The authors observed the spring sitting of the Part 2B Examination of the FRCR in London, from Saturday, 9 April, to Friday, 15 April 2016.
Report structure
Although the principal focus of the Observership was the Part 2B examination, CR delegates assessed broader aspects of the FRCR, including the findings of an independent review of their examination by medical education experts, commissioned in 2014.1
This report presents a broad overview of current FRCR practices, followed by a detailed analysis of each component of the examination, including review findings, and reflects on the implications for the FC Rad Diag(SA).
The report allows appreciation of the continued close alignment of the FC Rad Diag(SA) with the FRCR and highlights expected trends in the FC Rad Diag(SA). It also documents the increasing human resources required for successful conduct of examinations. It is thought that the report will be of interest and relevance to the broad South African radiological community and to those contemplating specialist training in the discipline. It is hoped that it will encourage wider involvement of radiological and medical physics colleagues in the various CR examination processes.
The Fellowship of the Royal College of Radiologists
Overview
The examination has three components.
Part 1
- Radiation physics
- Radiological anatomy
- Completion required by the end of the first year of training.
Part 2A
- The written examination, comprising six modules
- Completion required by the end of the third year of training.
Part 2B
- The clinical examination, comprising three modules
- Completion required by the end of the fourth year of training.
Progress through the FRCR stages is aligned with progress in UK registrar training. The consequences of failure include extension of training time or even exclusion from training.
Part 2B admission requires completion of Parts 1 and 2A, as well as satisfactory completion of an approved period of speciality training, determined by workplace assessments.
Six attempts at any FRCR examination are permitted.
Examination committee structure
Overall FRCR integrity is governed by the Fellowship Examination Board (FEB), established in 2012.
Each FRCR component has a dedicated examination board that sets examinations, evaluates candidate performance and reports to the FEB.
Part l (Physics)
Fellowship of the Royal College of Radiologists format
Candidates must be in a registrar training post.
The 2-hour examination comprises 40 multiple choice questions (MCQs). There is no negative marking. The pass mark varies at each sitting, based on question difficulty, determined by a criterion-referenced, standard setting technique.
Fellowship of the Royal College of Radiologists review findings
The true or false MCQ format should be abolished, since this only tests factual recall.
Single best answer (SBA) questions should be introduced, as these evaluate knowledge application and allow more meaningful post hoc analysis.
Royal College of Radiologists response
It is difficult to examine the basic sciences in SBA format.2
A forum has been established to review the Physics syllabus and examination format.
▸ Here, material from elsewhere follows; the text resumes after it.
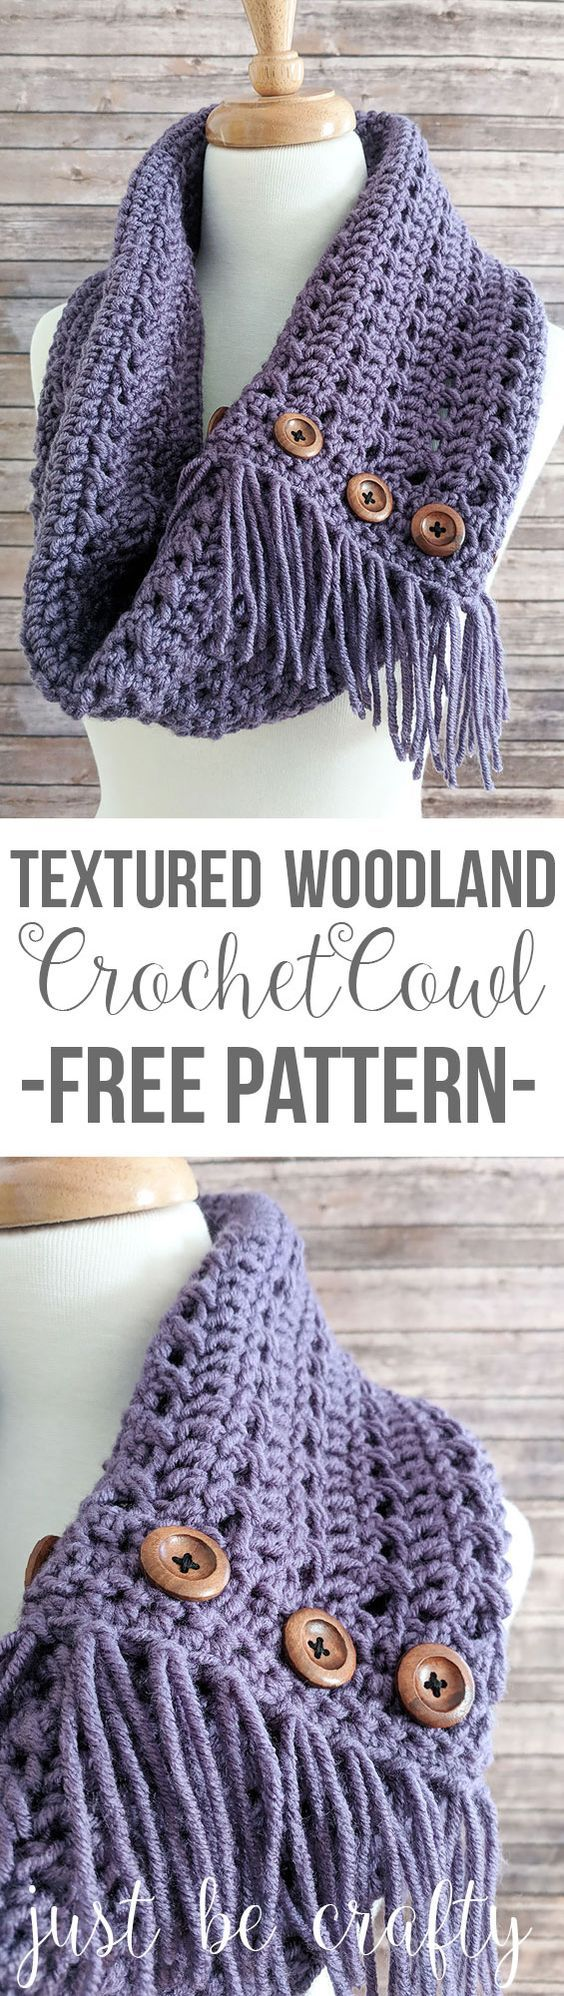 Mejores 1013 imágenes de Crocheting en Pinterest   Ideas de ...

Comparison with and implications for the FC Rad Diag(SA)
SA candidates may write the examination prior to embarking on registrar training. No more than three attempts are permitted, including University Master of Medicine (MMed) Part l exams. (There is reciprocity between the CR and University Part l exams.)
The current CR 3-hour Physics examination, combining short written answers and true–false responses, will likely be replaced by the SBA format following appropriate examiner training.
In the interests of continuity, it is proposed that a 3-year, fixed-term FC Rad Diag(SA) Part l Physics examination committee be appointed. This should have representation from all training centres and the private sector.
Part l (Anatomy)
Fellowship of the Royal College of Radiologists format
Candidates must be in a registrar training post.
The 90-minute examination is a 100-image ‘spot test’, using a ‘name the structure’ approach. Candidates work at individual work stations. To accommodate the large number of candidates, four different image sets are used, in four sequential sessions per examination sitting.
A broad, two-dimensional ‘blueprint’ based on modality and body system is used. (The blueprint simply refers to the examination weighting that is given to sections in the curriculum.)
There is comprehensive post hoc statistical analysis.
Fellowship of the Royal College of Radiologists review findings
Difficulty and passing standards should be comparable between sets within a single examination sitting, and across sittings.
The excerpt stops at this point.